**WHAT IS EXPECTED:** Write the listing out again word for word, leaving each picture behind.

**RAW DATA:**

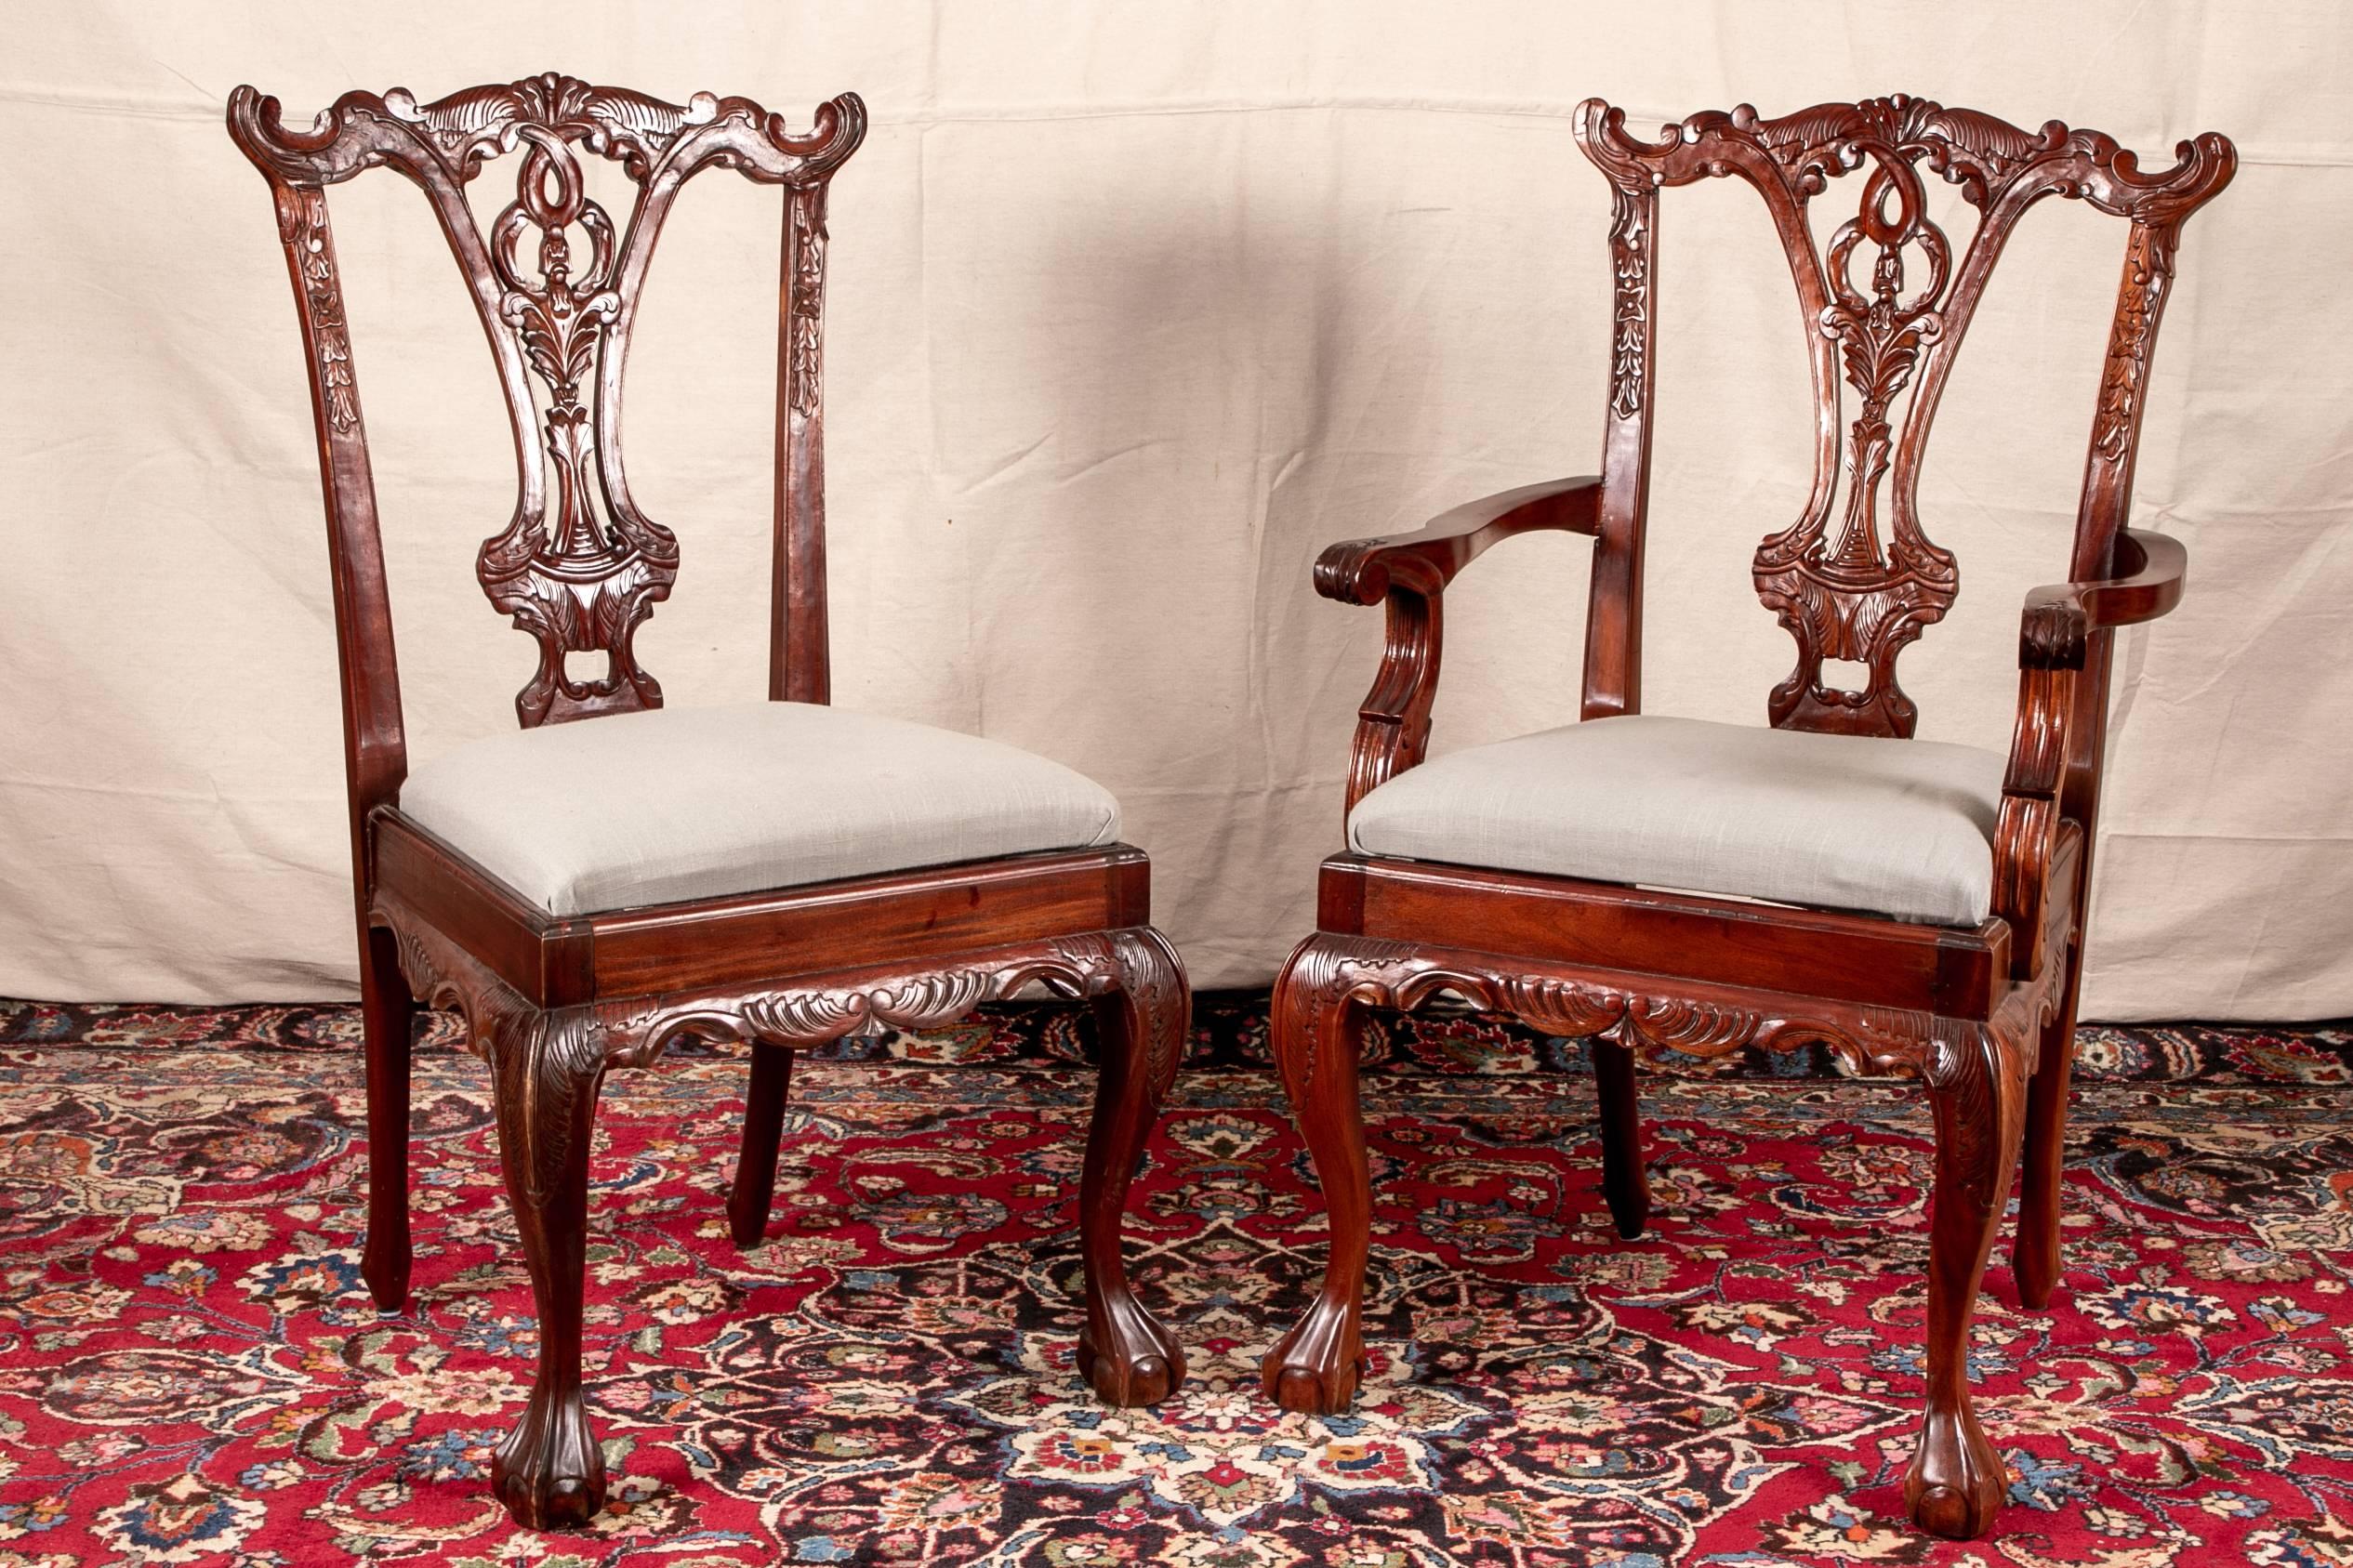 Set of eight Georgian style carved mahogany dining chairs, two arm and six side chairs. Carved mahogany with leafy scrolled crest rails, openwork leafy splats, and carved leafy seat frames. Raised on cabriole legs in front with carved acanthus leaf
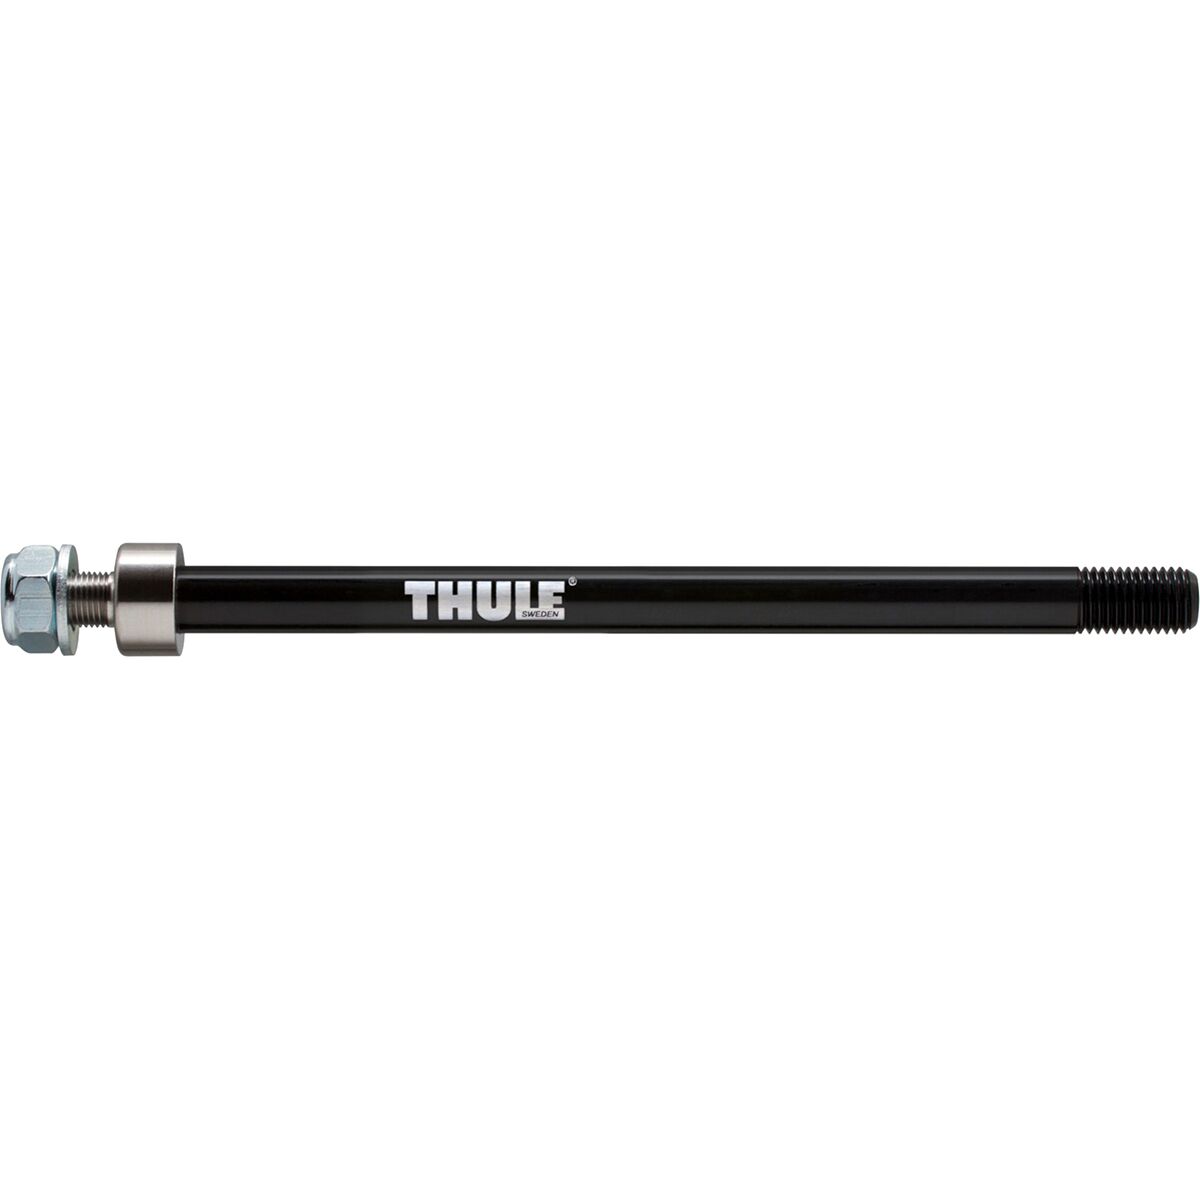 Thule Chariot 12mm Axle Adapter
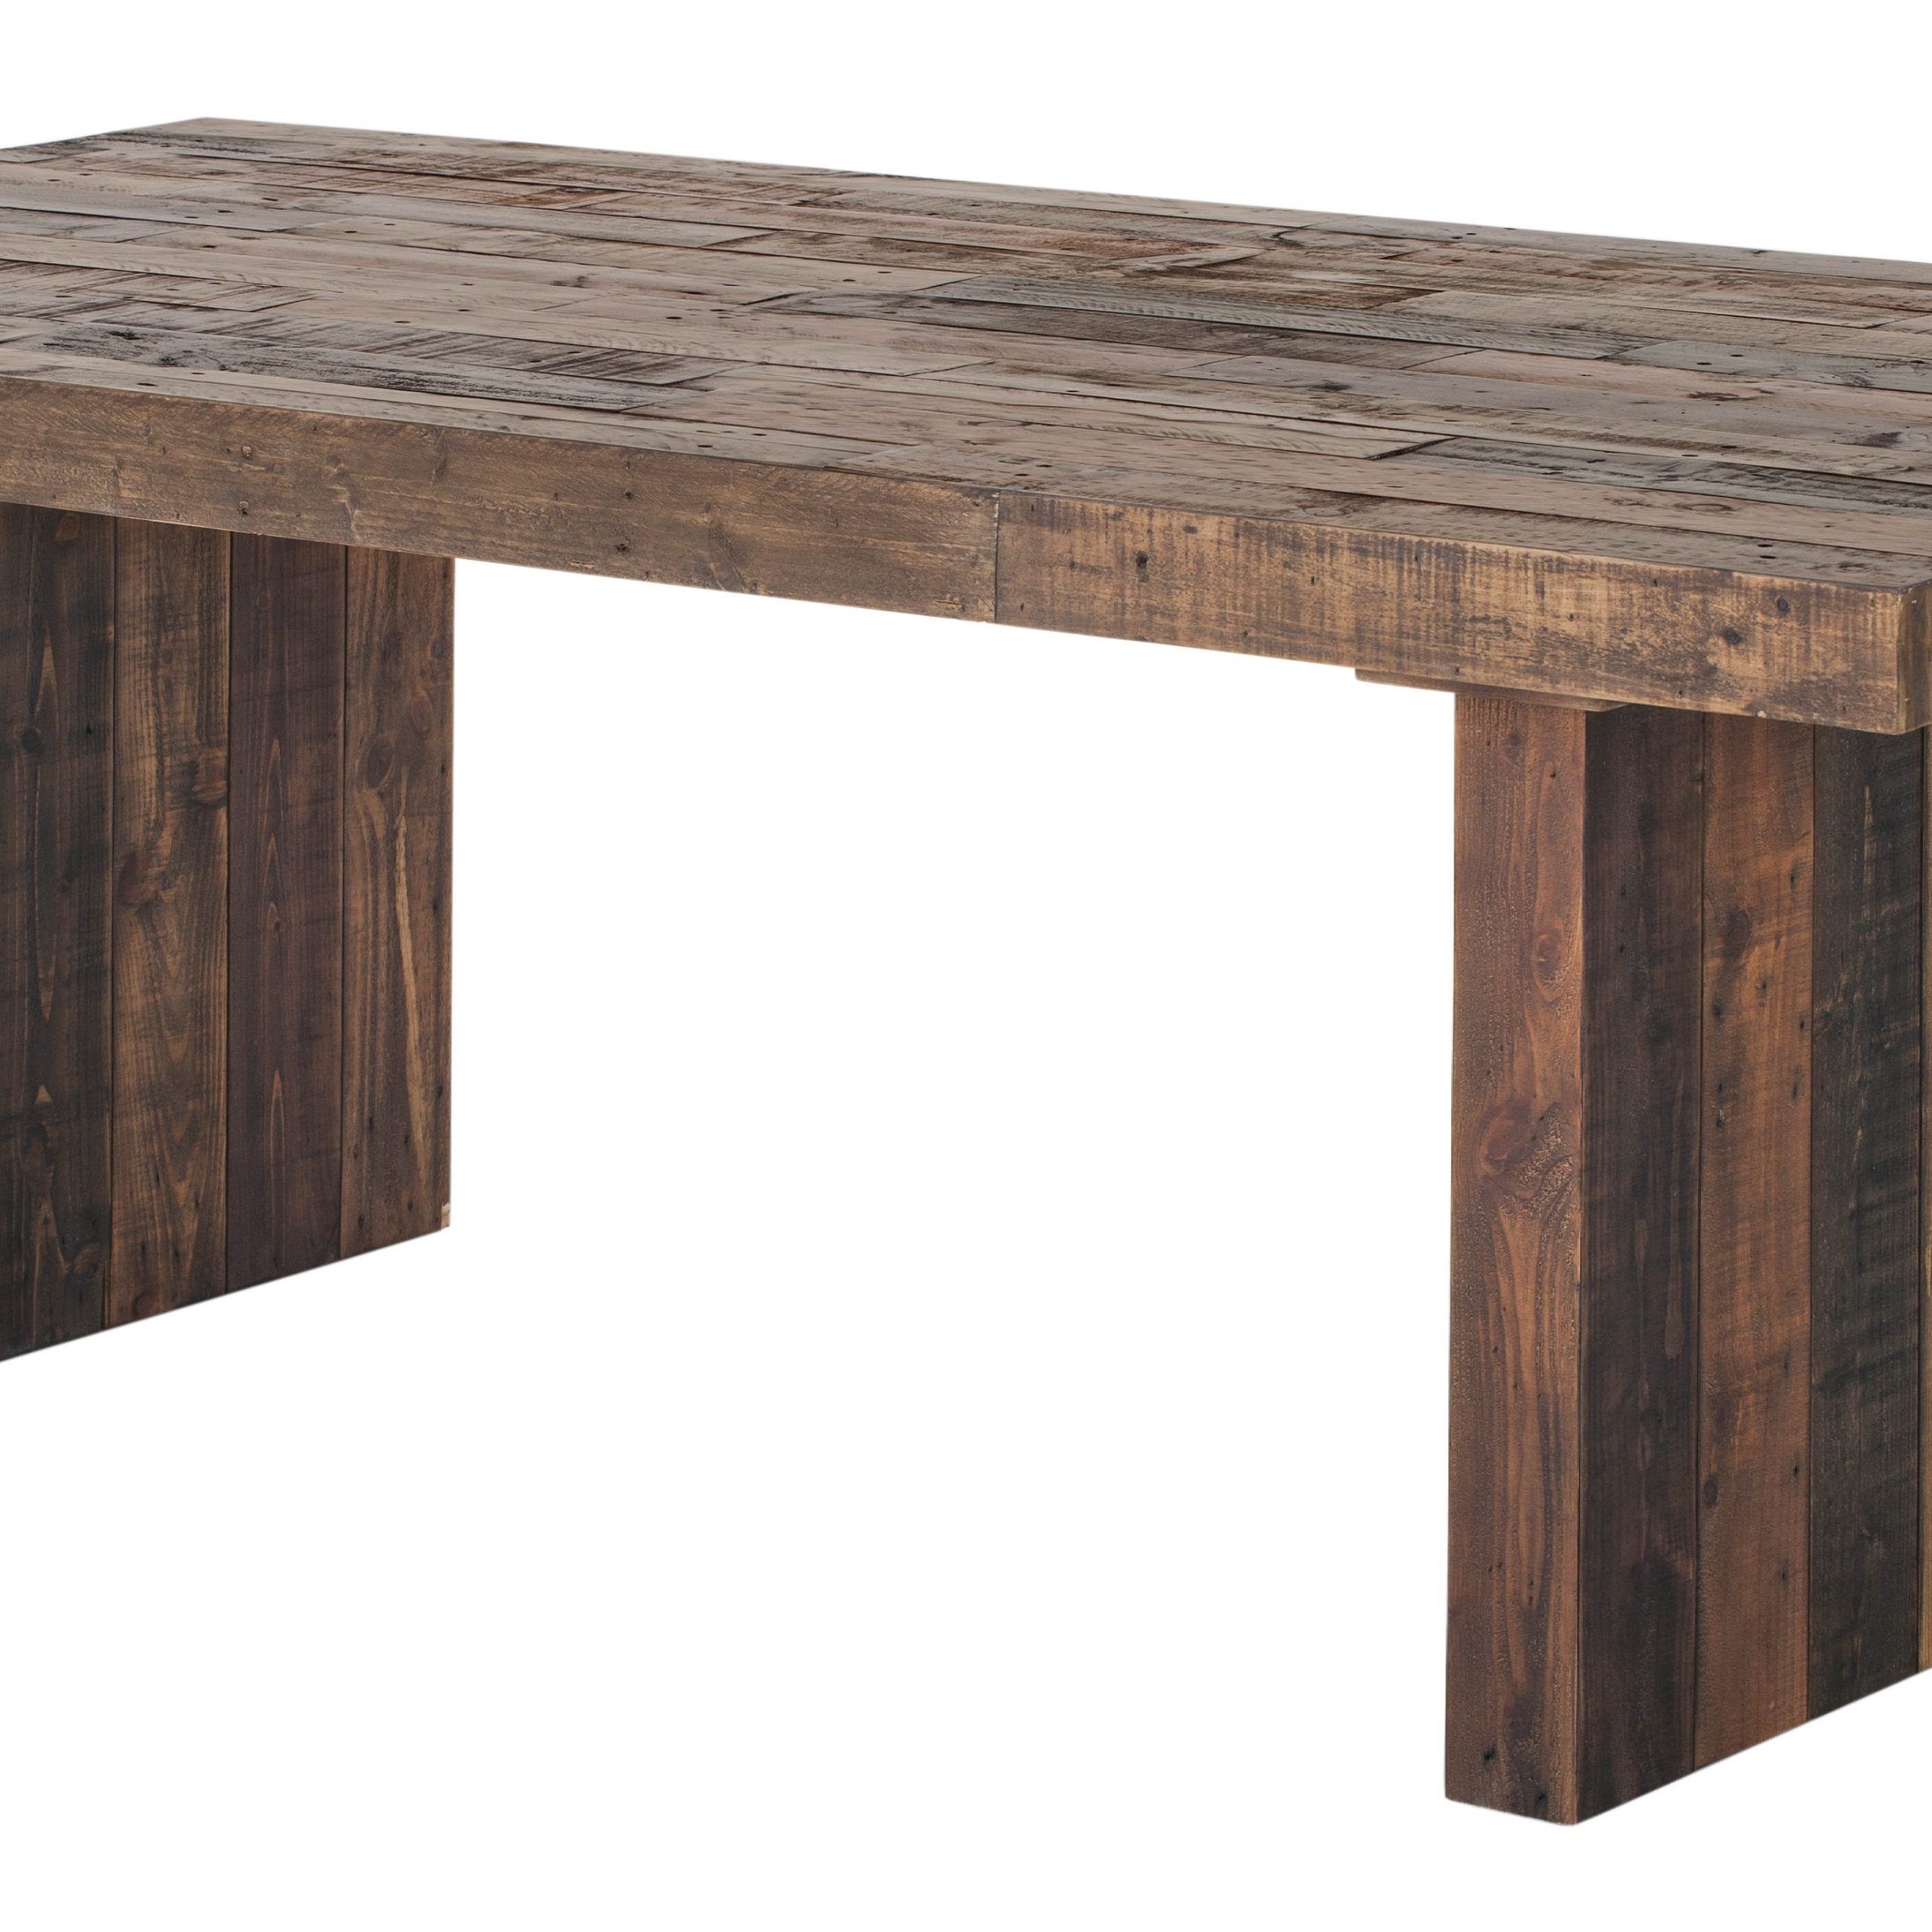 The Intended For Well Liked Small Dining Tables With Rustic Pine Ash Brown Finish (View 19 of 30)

**COMPLETED EXERCISE:**
 Set of eight Georgian style carved mahogany dining chairs, two arm and six side chairs. Carved mahogany with leafy scrolled crest rails, openwork leafy splats, and carved leafy seat frames. Raised on cabriole legs in front with carved acanthus leaf
 Thule Chariot 12mm Axle Adapter
 The Intended For Well Liked Small Dining Tables With Rustic Pine Ash Brown Finish (View 19 of 30)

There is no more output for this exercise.